Please repost as a new issue. Also, please compare with antsApplyTransforms
and not WarpImageMultiTransform
as the latter is quasi-deprecated.
I answer right here because I've found a solution for my use-case, which is a particular case. (after you read this answer let me know if you still prefer I move all this discussion to a new issue).

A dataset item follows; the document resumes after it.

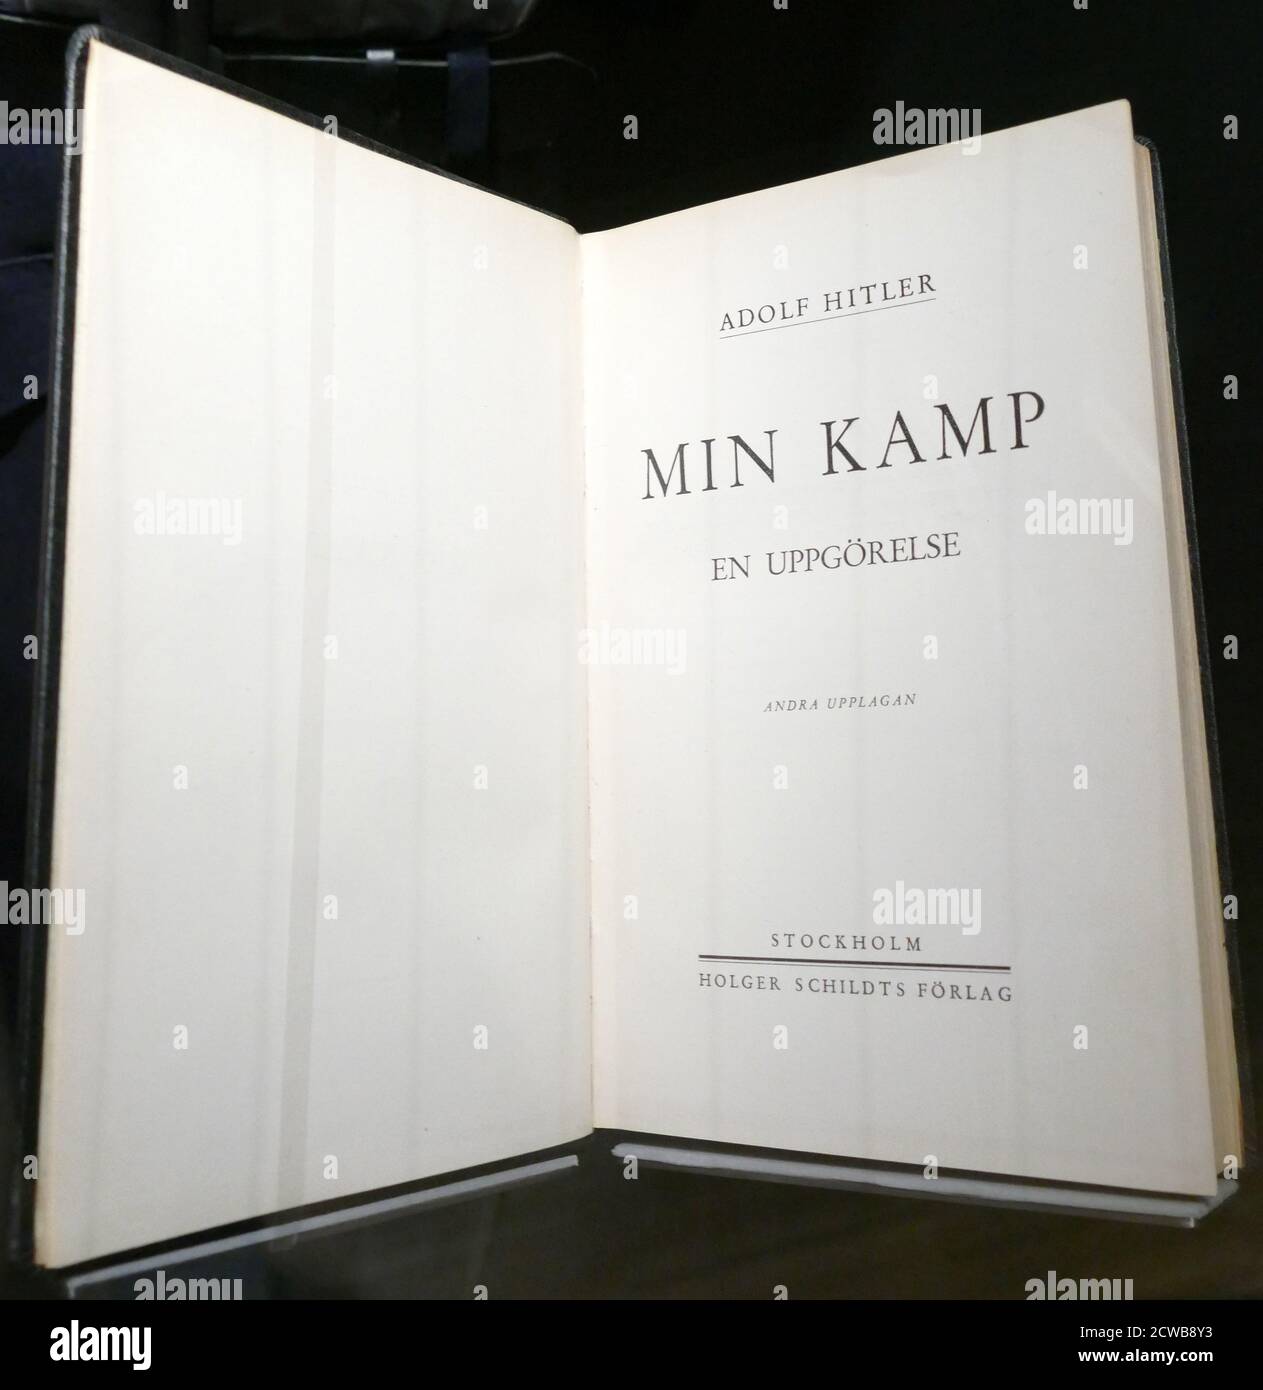 Edizione svedese di Mein Kampf (la mia lotta o la mia lotta), manifesto autobiografico del leader del Partito nazista Adolf Hitler. Il lavoro descrive il processo con cui Hitler divenne antisemita e delinea la sua ideologia politica e i piani futuri per la Germania. Il volume 1 di Mein Kampf è stato pubblicato nel 1925 e il volume 2 nel 1926 Foto Stock
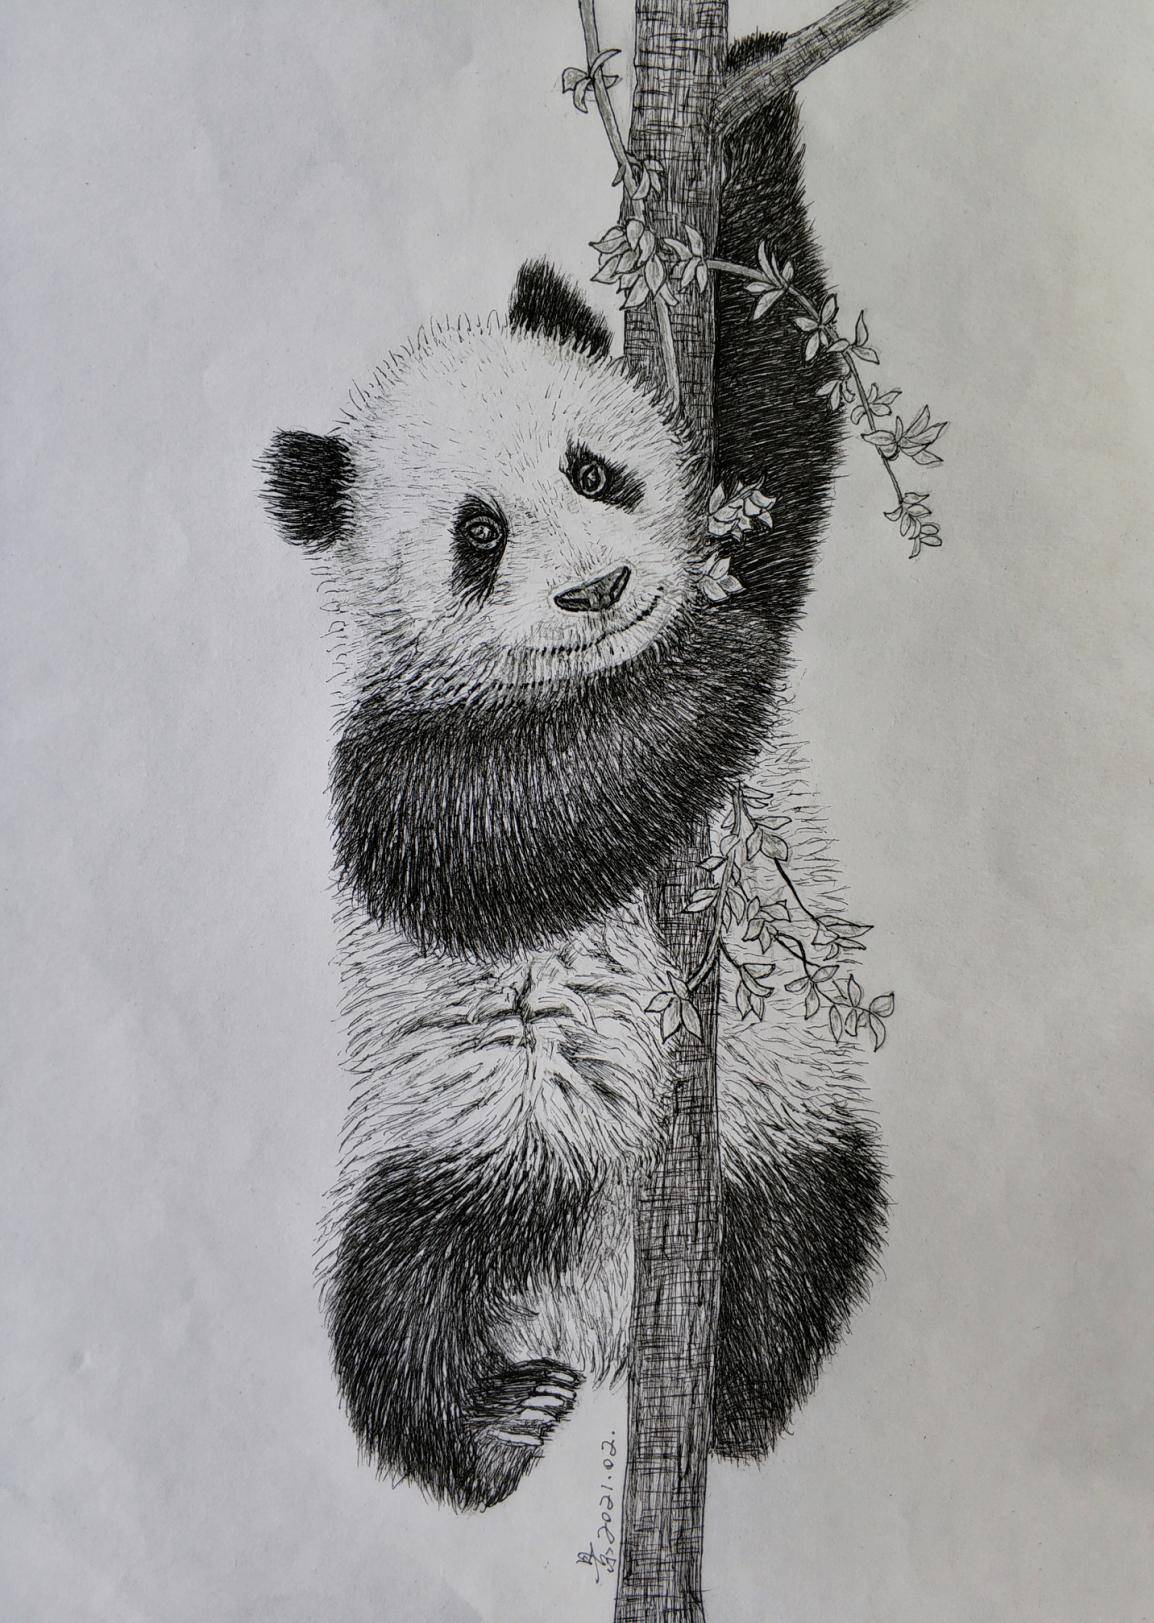 本人在绘大熊猫素描作品时,突发奇想:大熊猫黑白相间的皮毛,正好可

First of all, just as a sanity check, I did the comparison you requested and it was successful i.e., antsApplyTransforms
and ants.apply_transforms
returned the same results.
Then, to clarify my use-case, I did the comparison considering as moving image an "identity" warp created using mrtrix, which is not a standard scalar positive image since it contains both negative and positive values. The apply transformation step is part of the conversion of an ants warp to a warp compatible with mrtrix. Here's the official mrtrix guide of the conversion [https://community.mrtrix.org/t/registration-using-transformations-generated-from-other-packages/2259].
The aforementioned guide contains also the answer to my problem, because it states how to substitute WarpImageMultiTransforms
with antsApplyTransforms
in this use-case. The gist is that mrtrix requires a marker value different from plausible values (after warpImageMultiTransform was 90.), that they transforms to NaN in a step warpcorrect
that modifies the warp according to mrtrix requirements.

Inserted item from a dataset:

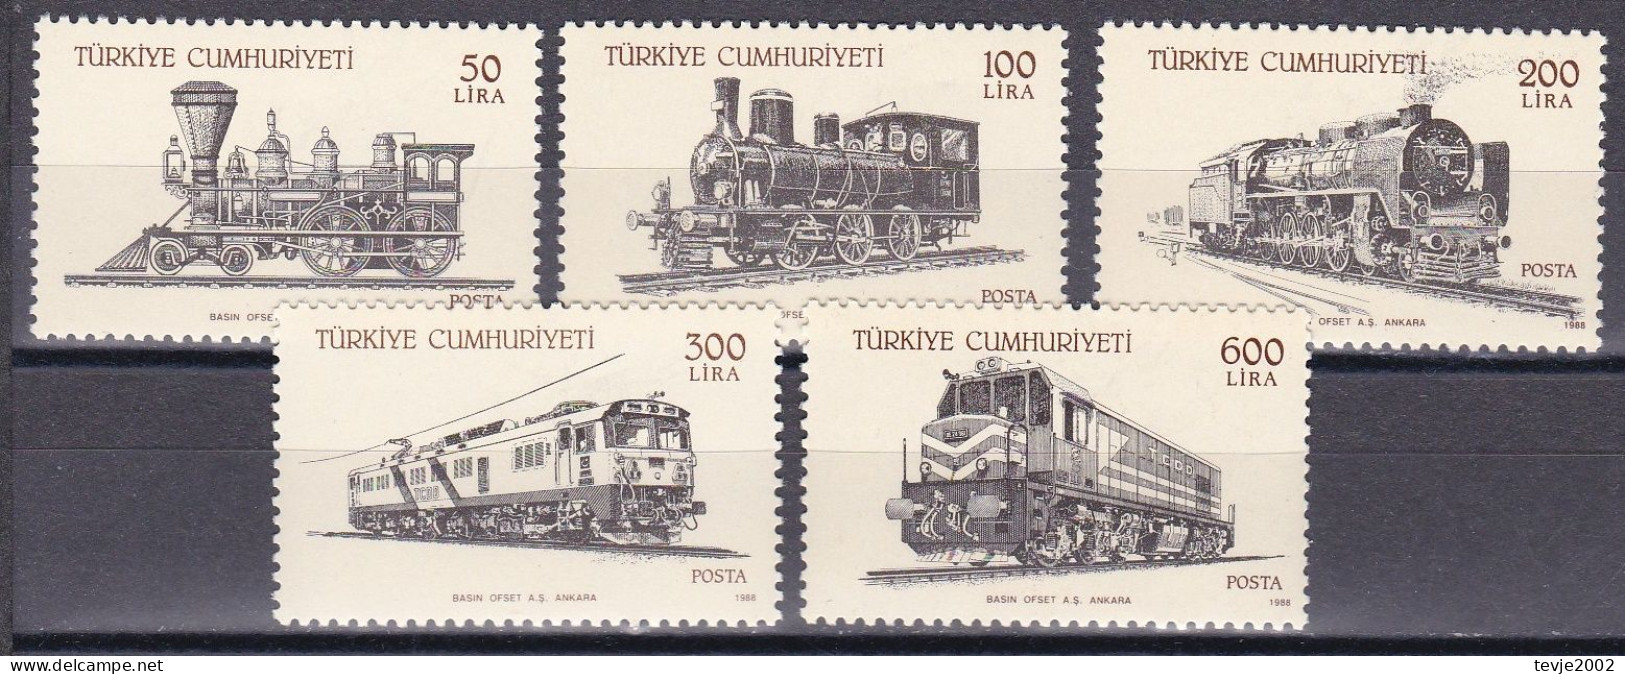 Türkei 1988 - Mi.Nr. 2814 - 2818 - Postfrisch MNH - Eisenbahn Railways Lokomotiven Locomotives - Trains

Yes, please post as a new issue. This issue is closed. If it's related, you can always provide a link back to this issue.
I am analyzing some DTI data, and want to use ANTS (instead of FSL) to warp my results to MNI space. I am trying to find some reference code to make sure I am applying the transforms in the right order.

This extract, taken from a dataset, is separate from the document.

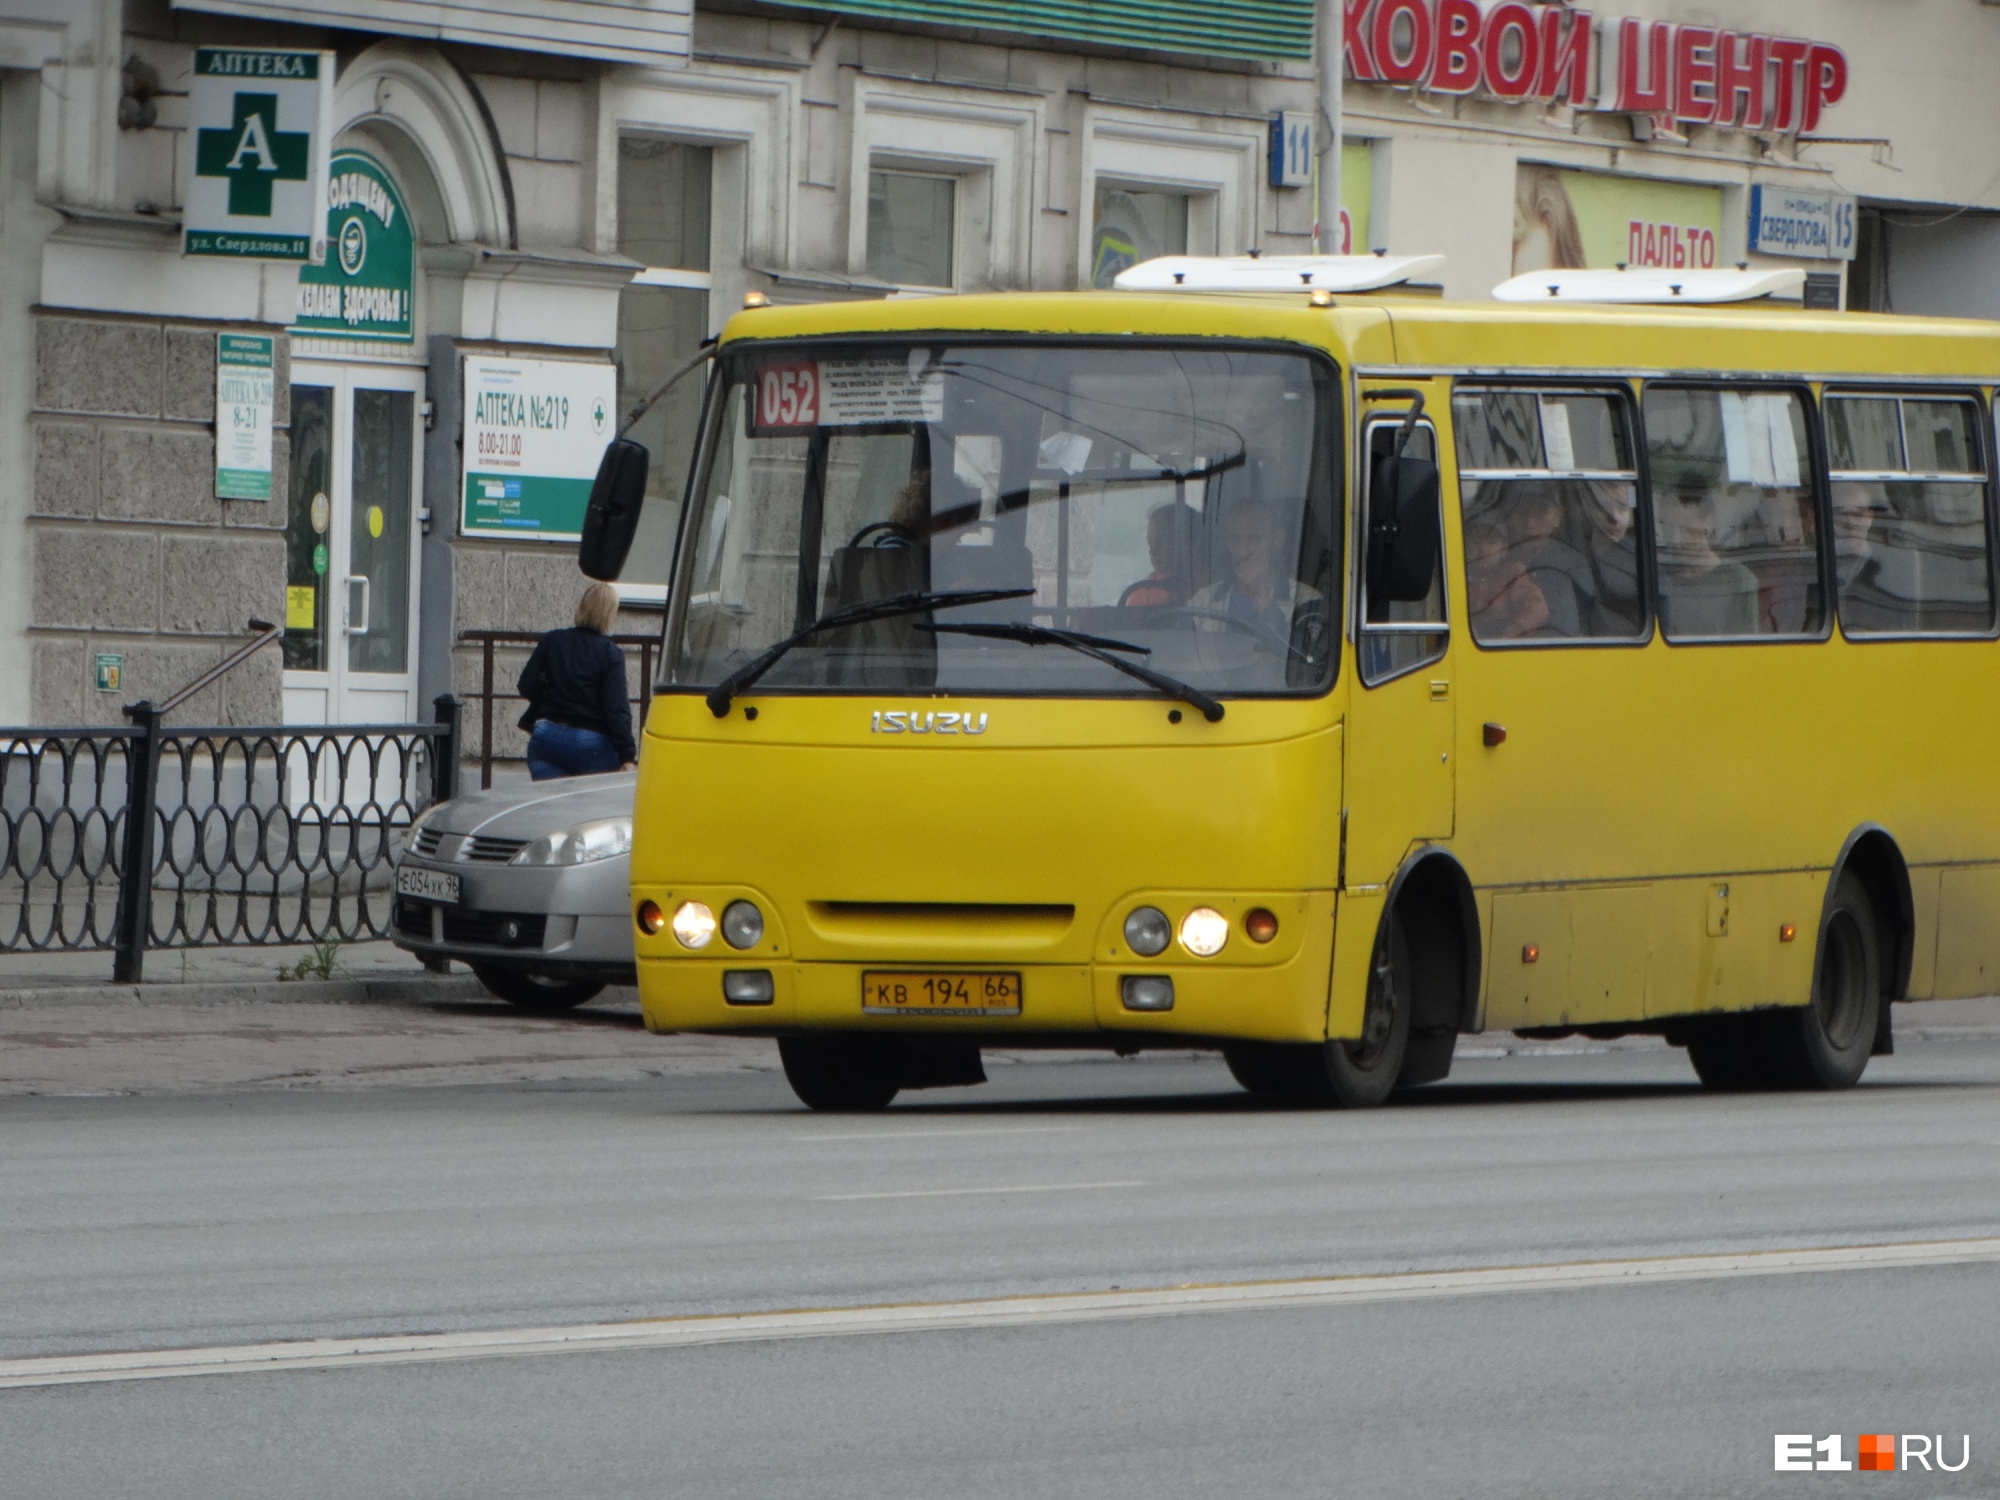 Жители Краснолесья получат еще один автобусный маршрут

From what I've read and experimented with, I have done the following.
I used antsRegistrationSynQuick.sh
B0 --> StructT1 (transform_type=r/Rigid) (Generated Single Affine Matrix) StructT1-->MNI152_T1_1mm (transform_type=s)
(Generated matrix, Warp and InverseWarp)
I have then been using WarpImageMultiTransform to convert results in B0 Space --> MNI and also tried to warp ROI's in MNI Space --> B0 Space
Bash Examples
WarpImageMultiTransform 3 $nodifMask nodifMask_to_MNI.nii.gz -R $mni1mm --use-NN $dtiToStructAff $structToMNIAff $structoToMNIwarp
Also looking to do the reverse (i.e. warp the MNI brain to the nodif brain).
WarpImageMultiTransform 3 $mni1mm mni_to_nodif -R $nodif_brain --use-NN $structoToMNIInverseWarp -i $structToMNIAff -i $dtiToStructAff
Are there any examples on how to do this using AntsPy?